Книга Храм - Стивен Спендер
Шрифт:
Интервал:
Закладка:
Некоторые страницы романа, из тех, где говорится о Гамбурге, перекликаются с моими мемуарами «Мир внутри мира». Работая над частями упомянутой книги, посвященными моему пребыванию в этом городе, я то и дело заглядывал в рукопись «Храма», а перерабатывая «Храм», обращался иногда к «Миру внутри мира». Как я обнаружил, для автобиографического романа целиком вымышленные персонажи не годятся. Я мог опираться только на воспоминания о людях, которых знал, раскрывая их характеры в соответствии с требованиями художественной прозы и своего представления о тогдашнем мировосприятии. Так, «Саймон Уилмот» — это карикатура на юного У. Х. Одена, а «Уильям Брэдшоу» — на не столь юного Кристофера Ишервуда. Оба предстают здесь в резко измененном виде, а в одном месте и вовсе существуют в воображении — когда на Балтийском взморье Пол представляет себе, как они входят в гостиничный ресторан, где он сидит, доведенный до отчаяния занудством Эрнста.

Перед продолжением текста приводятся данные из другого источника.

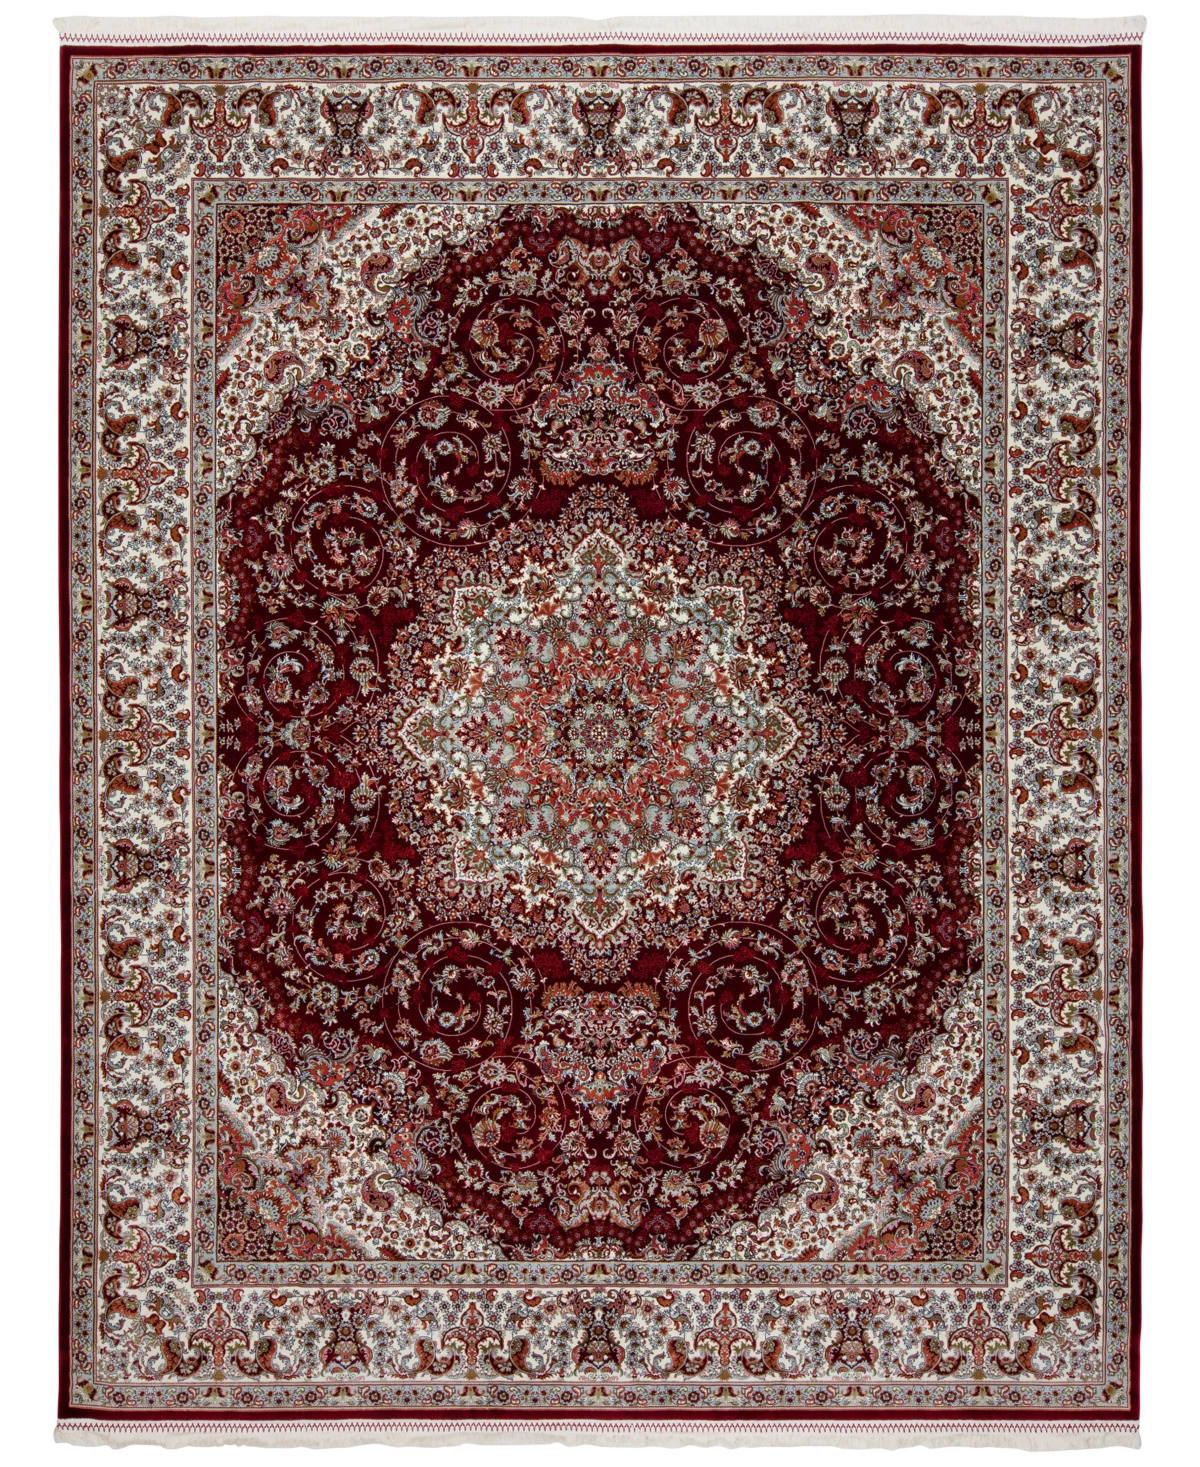 Kenneth Mink Persian Treasures Shah Area Rug, 8' X 10' In Red

В Гамбурге я подружился с Гербертом Листом — «оригиналом», с которого я написал портрет Иоахима Ленца. Тогда Лист был молодым торговцем кофе, а впоследствии стал знаменитым фотографом. С двадцать девятого года до начала пятидесятых мы с Листом не виделись. Эпизоды с участием Иоахима, относящиеся к более позднему периоду, — вымысел.

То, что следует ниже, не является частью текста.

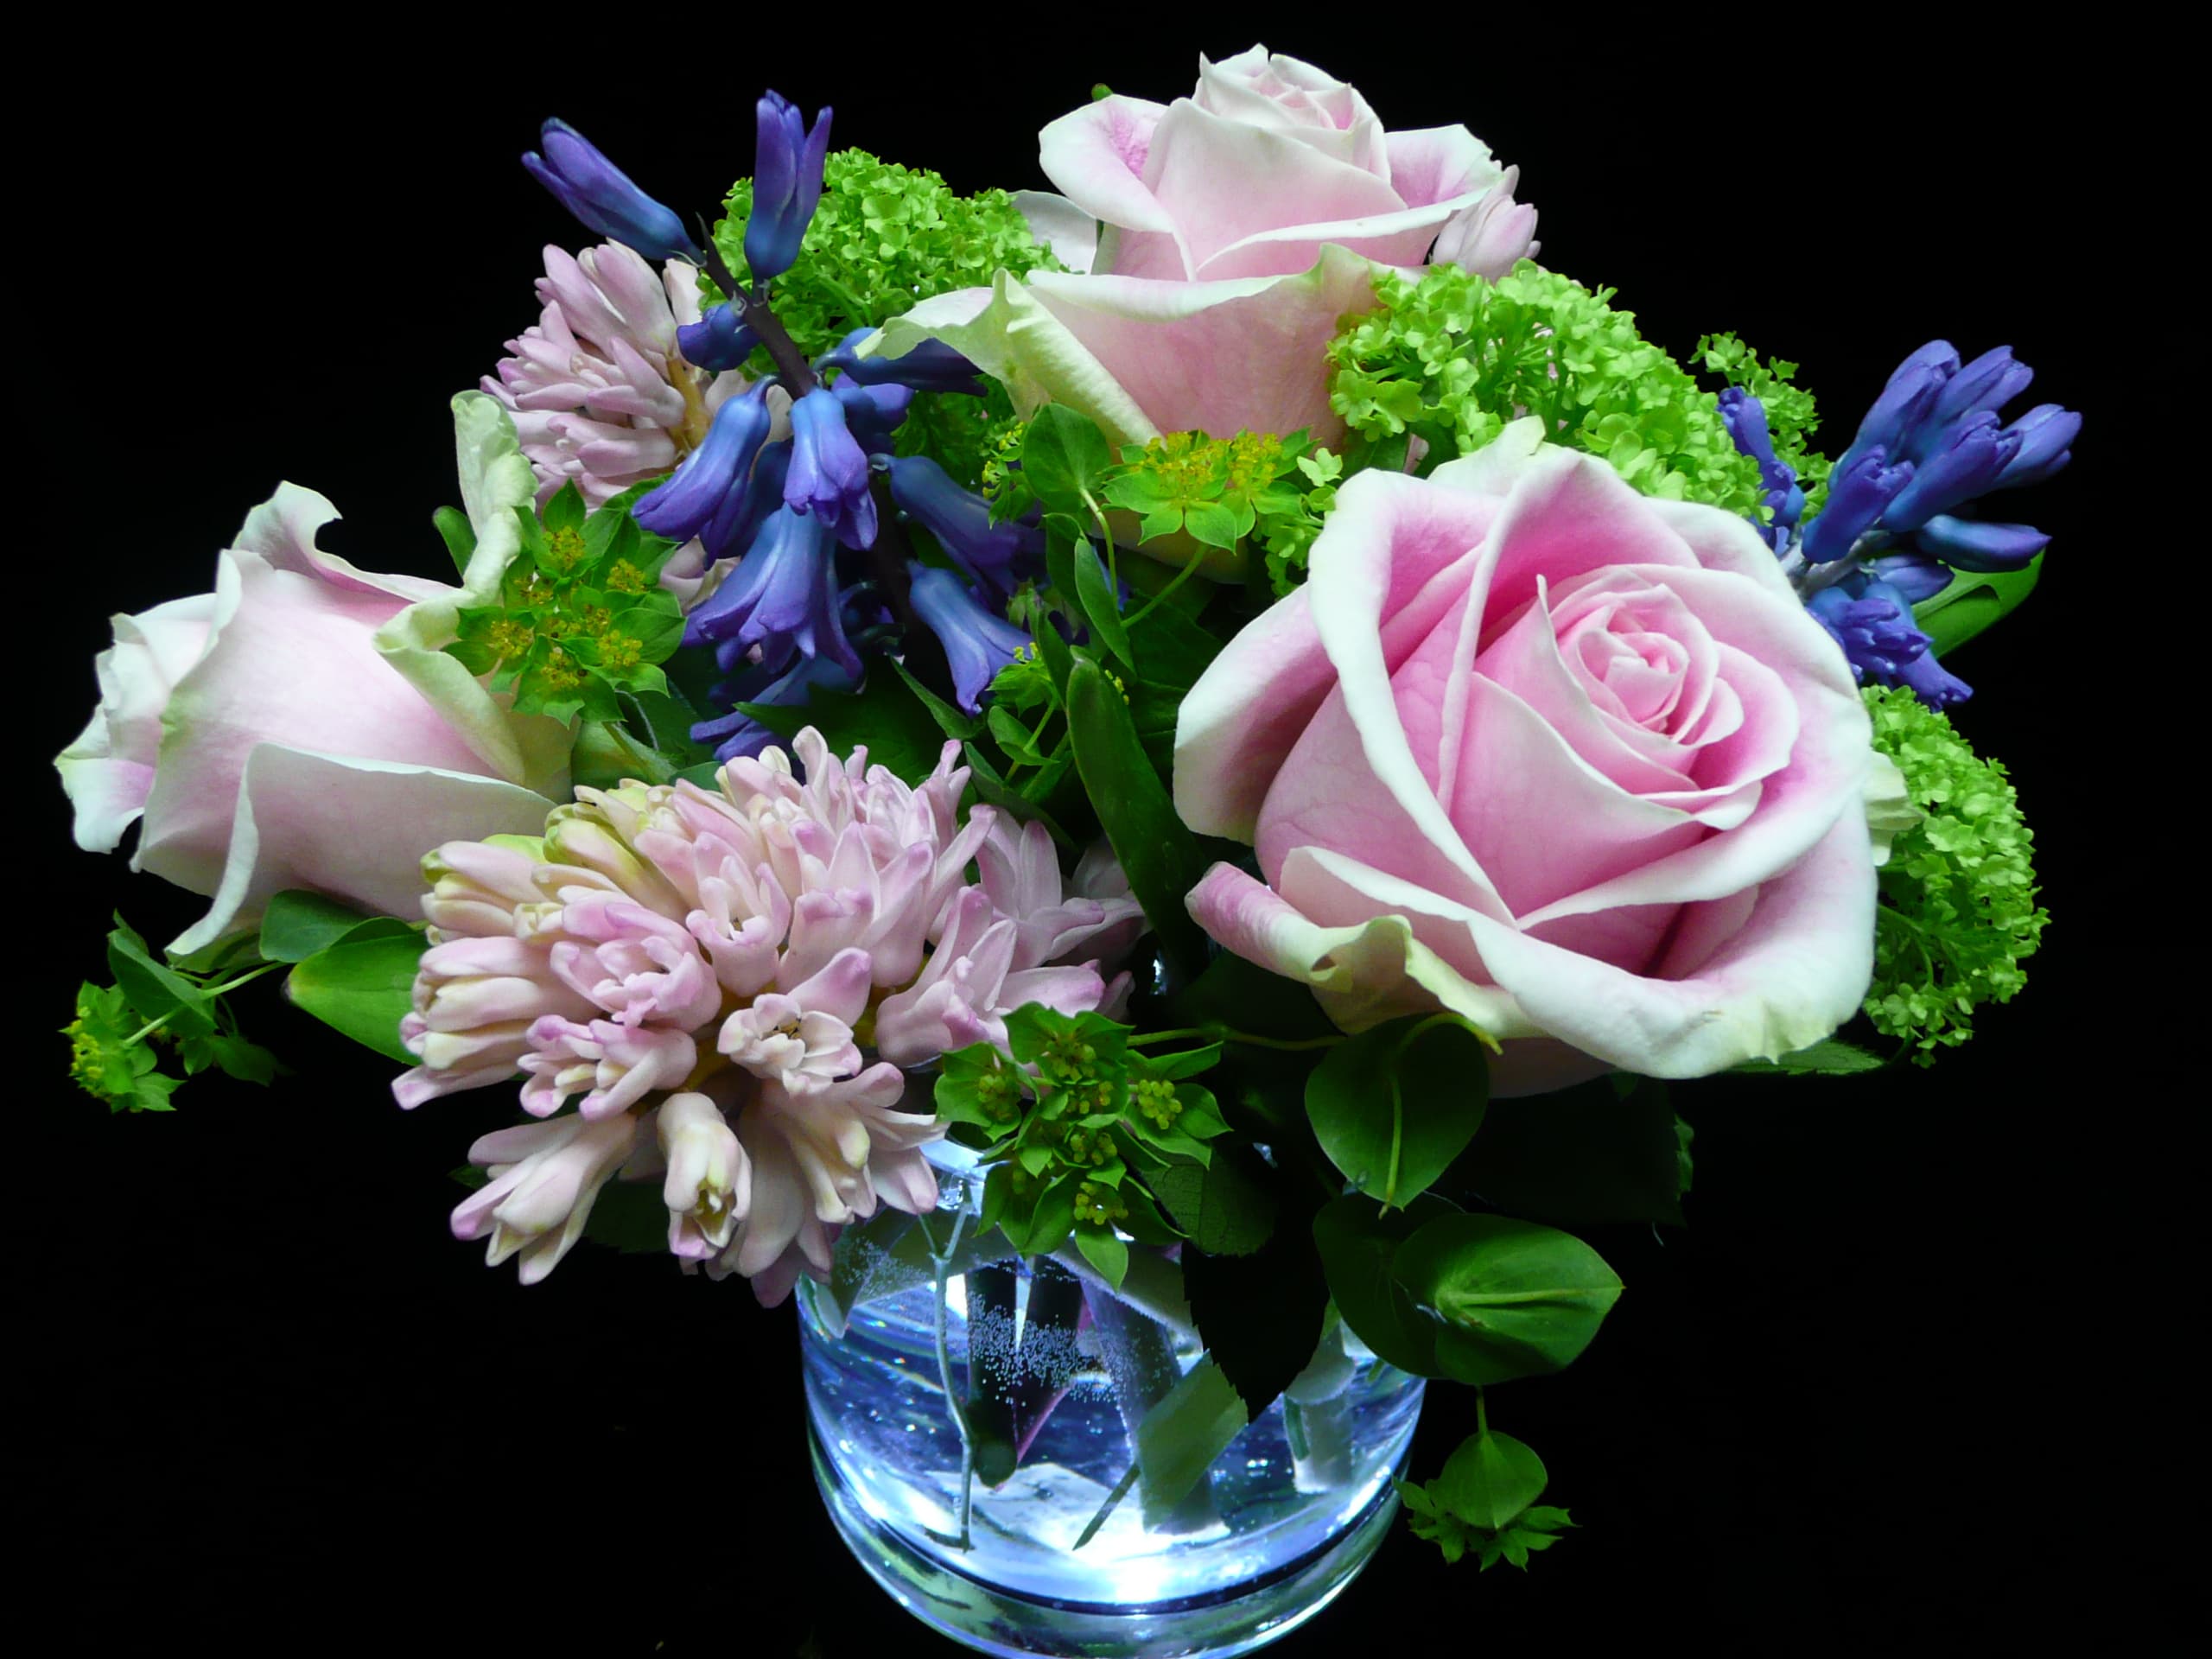 Full Bloom  - Hyacinth, hydrangea, and pink roses make this a sweet sentiment

Таким образом, «Храм» представляет собой совокупность воспоминаний, беллетристики и попытки восстановить тогдашнее мировосприятие. Первостепенное значение имеет, безусловно, тогдашнее мировосприятие, ибо благодаря ему, читая рукопись, я понял, какими предстают в его преломлении 1918 год и Первая мировая война и как, в свою очередь, оценивается оно само с позиций 1933-го и 1939-го годов. 1929-й стал поворотным пунктом entre deux guerres[1], что я, похоже, пророчески предощутил, написав в том году стихотворение «В 1929-м». Это стихотворение и спор о нем между Иоахимом и Полом составляют самую суть «Храма». 1929 год можно считать последним довоенным, то есть догитлеровским, летом, имеющим такое же отношение к февралю тридцать третьего, как июль четырнадцатого — к августу восемнадцатого.
География Гамбурга и долины Рейна не отличаются в книге определенностью, поскольку эта Германии на самом деле — страна автобиографически-художественного вымысла Пола. Имеются и исторические передержки, призванные соответствовать тому юношескому настрою автора, коим проникнут весь «Храм».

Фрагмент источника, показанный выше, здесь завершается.